Shares in Lloyds Banking Group [LLOY] are down by around 9% this year, but jumped 5% – from 43.55p to 45.74p – at Wednesday's open as investors reacted to the bank's second-quarter results and a boost to the dividend. The stock shed some of those early gains by 10am, but remained up by more than 4%.
Profits beat expectations
Lloyds recorded pre-tax profits of £3.7bn for the first six months of the year, beating analyst forecasts, but down from £3.9bn in the year-ago period as the group set aside £377m to cover possible loan defaults amid the cost of living crisis.
Investor concerns have weighed on the Lloyds share price this year, with many worried about the worsening economic outlook, high inflation and rising interest rates. The latter could dampen demand for home loans, putting pressure on Lloyds, the country's biggest mortgage lender.
There appears to be some reluctance among investors to drive the shares higher, despite the bank's balance sheet being in a stronger position than it was before the pandemic, when the shares topped 60p.
Analysts predicted that today’s Q2 numbers might highlight the challenges posed by the weakening economic backdrop – a factor that Lloyds cited as a concern in Q1, when the bank set aside £177m to cover possible loan defaults. These fears now appear misplaced, or at least premature, as Lloyds posted another strong quarter of revenue and profits
Bank set aside reserves, boosted dividend
The provisions for bad debt are a prudent response to the current climate and the potential impact of inflation, which is running at 9.4%, and the cost of living squeeze. The bank set aside a further £200m in Q2, bringing the half-year total to the above-mentioned £377m.
Q2 statutory pre-tax profits came in at over £2bn, well above expectations of £1.71bn, and a decent improvement on Q1’s £1.6bn. Lloyds' net interest margin rose to 2.87% in Q2, while the bank raised its outlook for returns on tangible equity to 13%, up from 11%.
Operating costs rose slightly to £2.15bn, up from £2.1bn in Q1. The bank expects to see total costs of £8.8bn this year.
Loans and advances to customers increased by £4.3bn to £456.1bn in Q2, mainly due to modest increases in credit card balances and unsecured loans. Meanwhile, customer deposits fell by £2.9bn to £478.2bn, driven primarily by a fall in commercial banking deposits. Current and savings account balances saw a slight increase in Q2.

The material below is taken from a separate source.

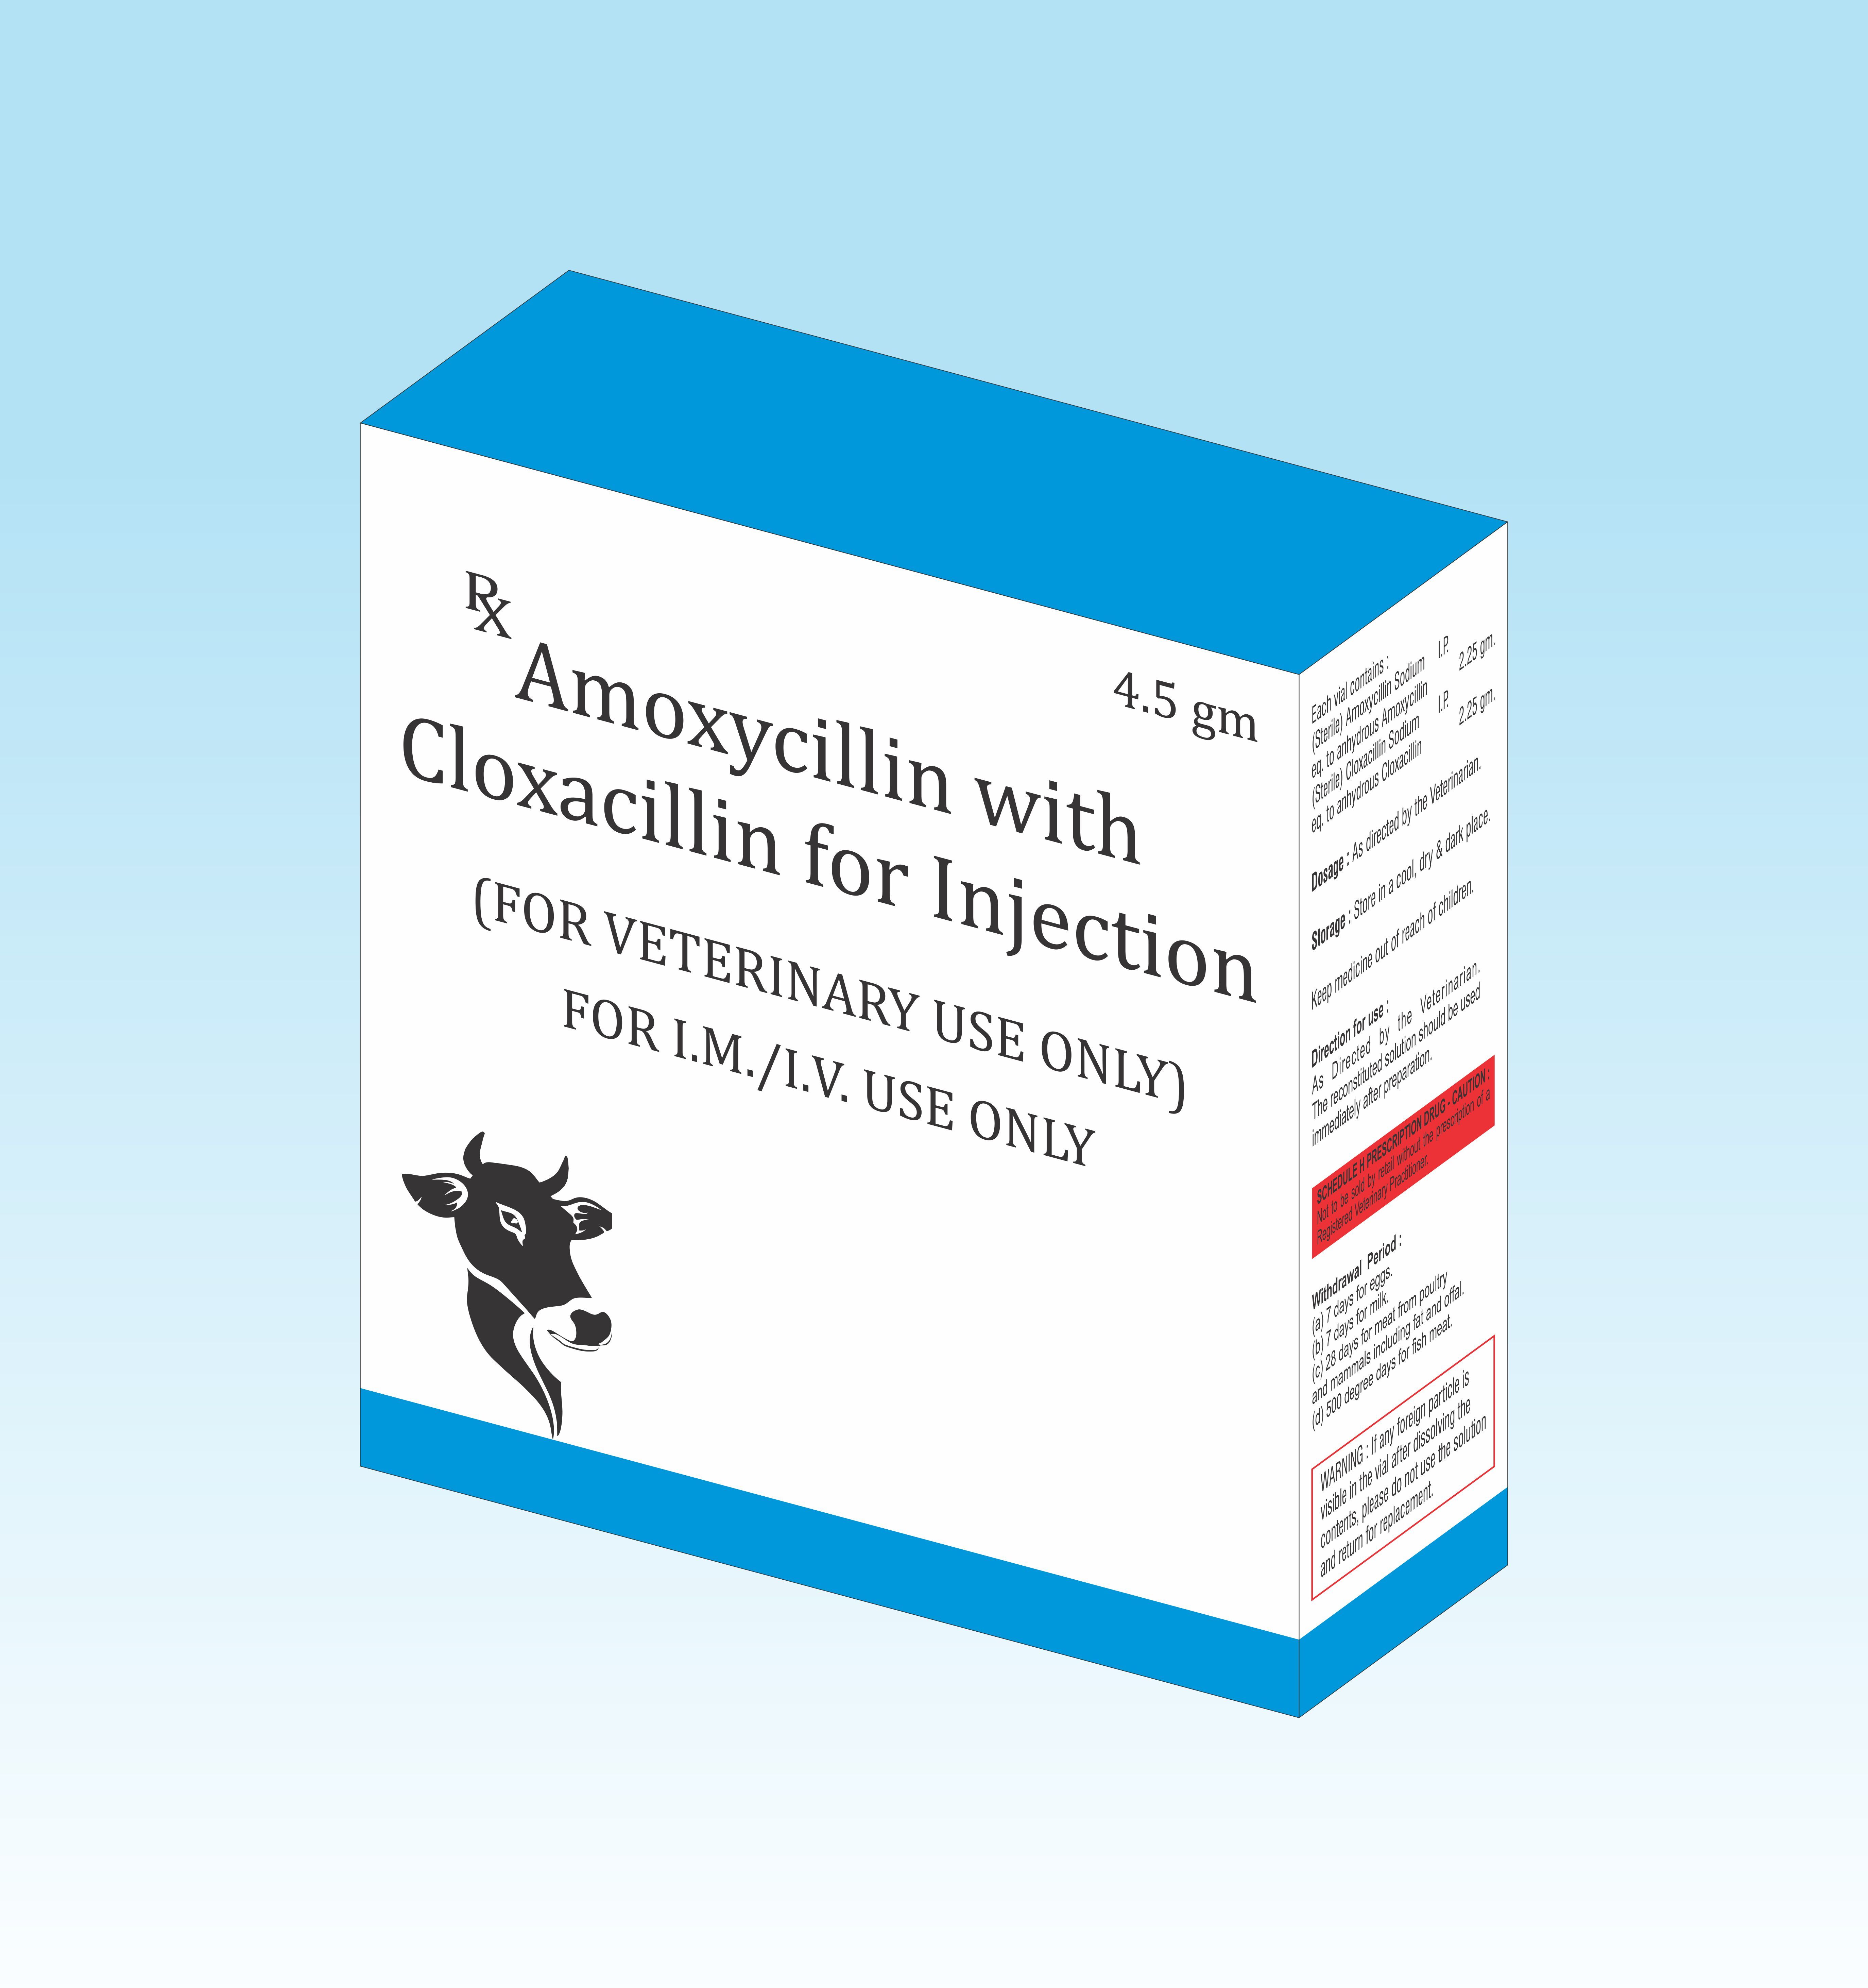 BUSERELIN ACETATE VETERINARY INJECTION THIRD PARTY MANUFACTURING

The bank also lifted its dividend to 80p per share, up from 67p a share, which should be some comfort to shareholders at a time when markets seem hesitant to drive the shares higher.
Few customers in arrears
There appears to be nothing in Lloyds' Q2 and half-year numbers to suggest that the UK consumer is in significant financial distress at the moment, despite the challenging economic outlook.
Nonetheless the bank's leaders are right to be cautious about the uncertainties facing the UK economy, while at the same time remaining optimistic about the full-year outlook.